An RNA interference inducing nucleic acid in which at least one of the double strands of a nucleic acid inducing RNA interference is modified, wherein some sequences of a particular microRNA are modified to inhibit the noncanonical target gene of the microRNA,
The RNA interference-inducing nucleic acid comprises four to five base sequences from the 5 'end of a particular microRNA, the sixth and seventh bases are identical, and the sixth and seventh bases are the sixth of a particular microRNA. A base having a base sequence complementary to that of the base, and a base sequenceable to the sixth base of the specific microRNA include all complementary bases including G: A, G: U wobble sequences Characterized in that, or
The RNA interference-inducing nucleic acid has a guanine base of the base sequence between the 5 'end and the ninth base of a specific microRNA having a modified base sequence substituted with at least one or more of uracil or adenine (Uracil) or adenine (Adenine) Characterized by
RNA interference induced nucleic acid.
The RNA interference inducing nucleic acid according to claim 1, wherein the RNA interference inducing nucleic acid selectively inhibits the irregular target gene of the microRNA and does not inhibit the regular target gene of the microRNA.

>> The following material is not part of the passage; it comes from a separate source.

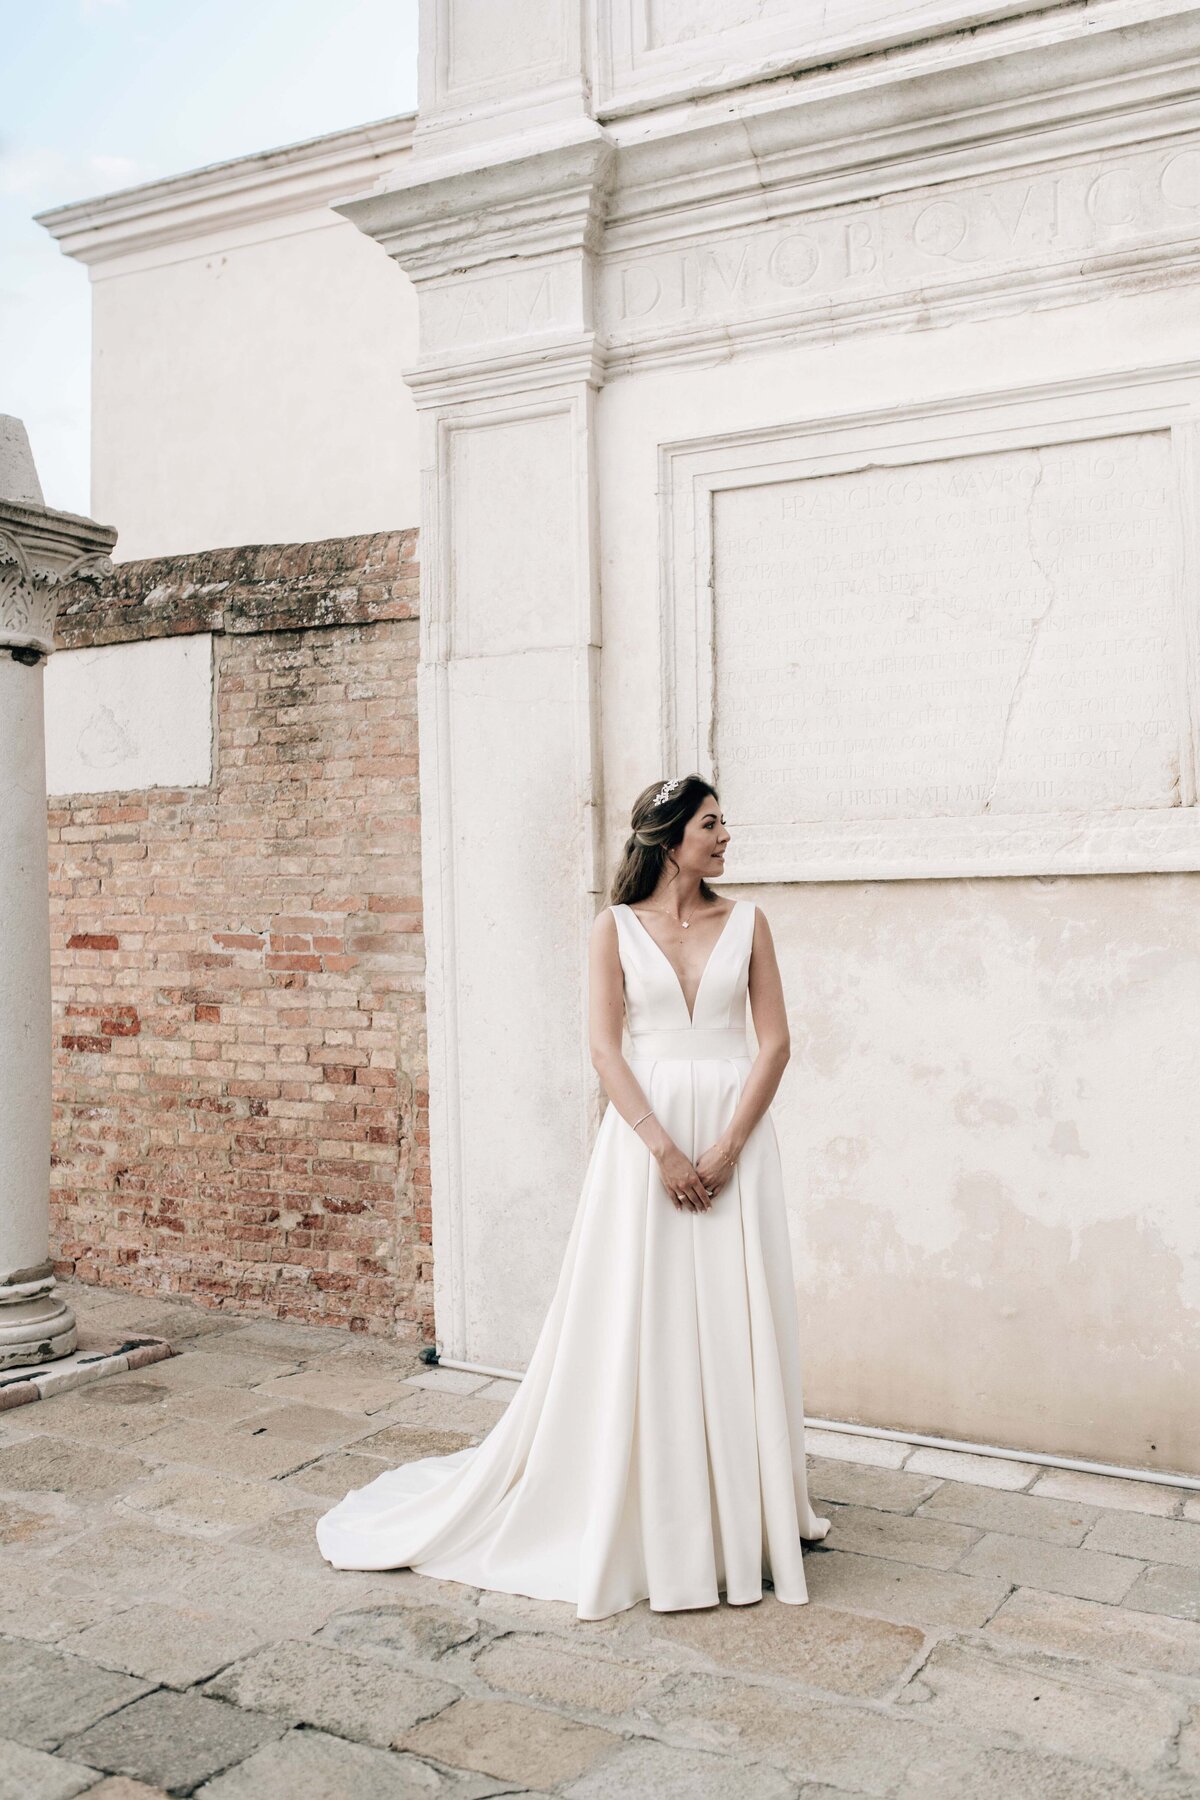 Flora_And_Grace_Italy_Editorial_Wedding_Photographer-16

According to claim 1, wherein the specific microRNA is at least one selected from the group consisting of miR-124, miR-155, miR-122, miR-1, let-7, miR-133, miR-302a and miR-372 RNA interference inducing nucleic acid.
The RNA interference inducing nucleic acid according to claim 1, wherein the RNA interference inducing nucleic acid has a second to seventh base sequence at the 5 'end.
RNA interference-inducing nucleic acid (miR-124-BS) which shows the base sequence of 5'-AA GGC C-3 'as an RNA interference-inducing nucleic acid that inhibits an irregular target gene of miR-124;
RNA interference-inducing nucleic acid (miR-122-BS) which shows the base sequence of 5'-GG AGU U-3 'as an RNA interference-inducing nucleic acid that inhibits an irregular target gene of miR-122;
RNA interference-inducing nucleic acid (miR-155-BS) which shows the base sequence of 5'-UA AUG G-3 'as an RNA interference-inducing nucleic acid that inhibits an irregular target gene of miR-155; or
RNA interference-inducing nucleic acid (miR-1-BS) which shows the base sequence of 5'-GG AAU U-3 'as an RNA interference-inducing nucleic acid that inhibits an irregular target gene of miR-1.
The RNA interference inducing nucleic acid according to claim 4, wherein the base sequence of the RNA interference inducing nucleic acid is represented by any one or more of the following:
RNA interference-inducing nucleic acid (miR-124-BS) which shows the base sequence of 5'-UAA GGC CAC GCG GUG AAU GCC-3 'as an RNA interference-inducing nucleic acid that inhibits an irregular target gene of miR-124;
RNA interference-inducing nucleic acid (miR-122-BS) which shows the base sequence of 5'-UGG AGU UGU GAC AAU GGU GUU-3 'as an RNA interference-inducing nucleic acid that inhibits an irregular target gene of miR-122;
RNA interference-inducing nucleic acid (miR-155-BS) which shows the base sequence of 5'-UUA AUG GGC UAA U CGU GAU AGG-3 'as an RNA interference-inducing nucleic acid that inhibits an irregular target gene of miR-155;
RNA interference-inducing nucleic acid (miR-1-BS) showing the base sequence of 5'-UGG AAU UGU AAA GAA GUA UGU-3 'as an RNA interference-inducing nucleic acid that inhibits an irregular target gene of miR-1.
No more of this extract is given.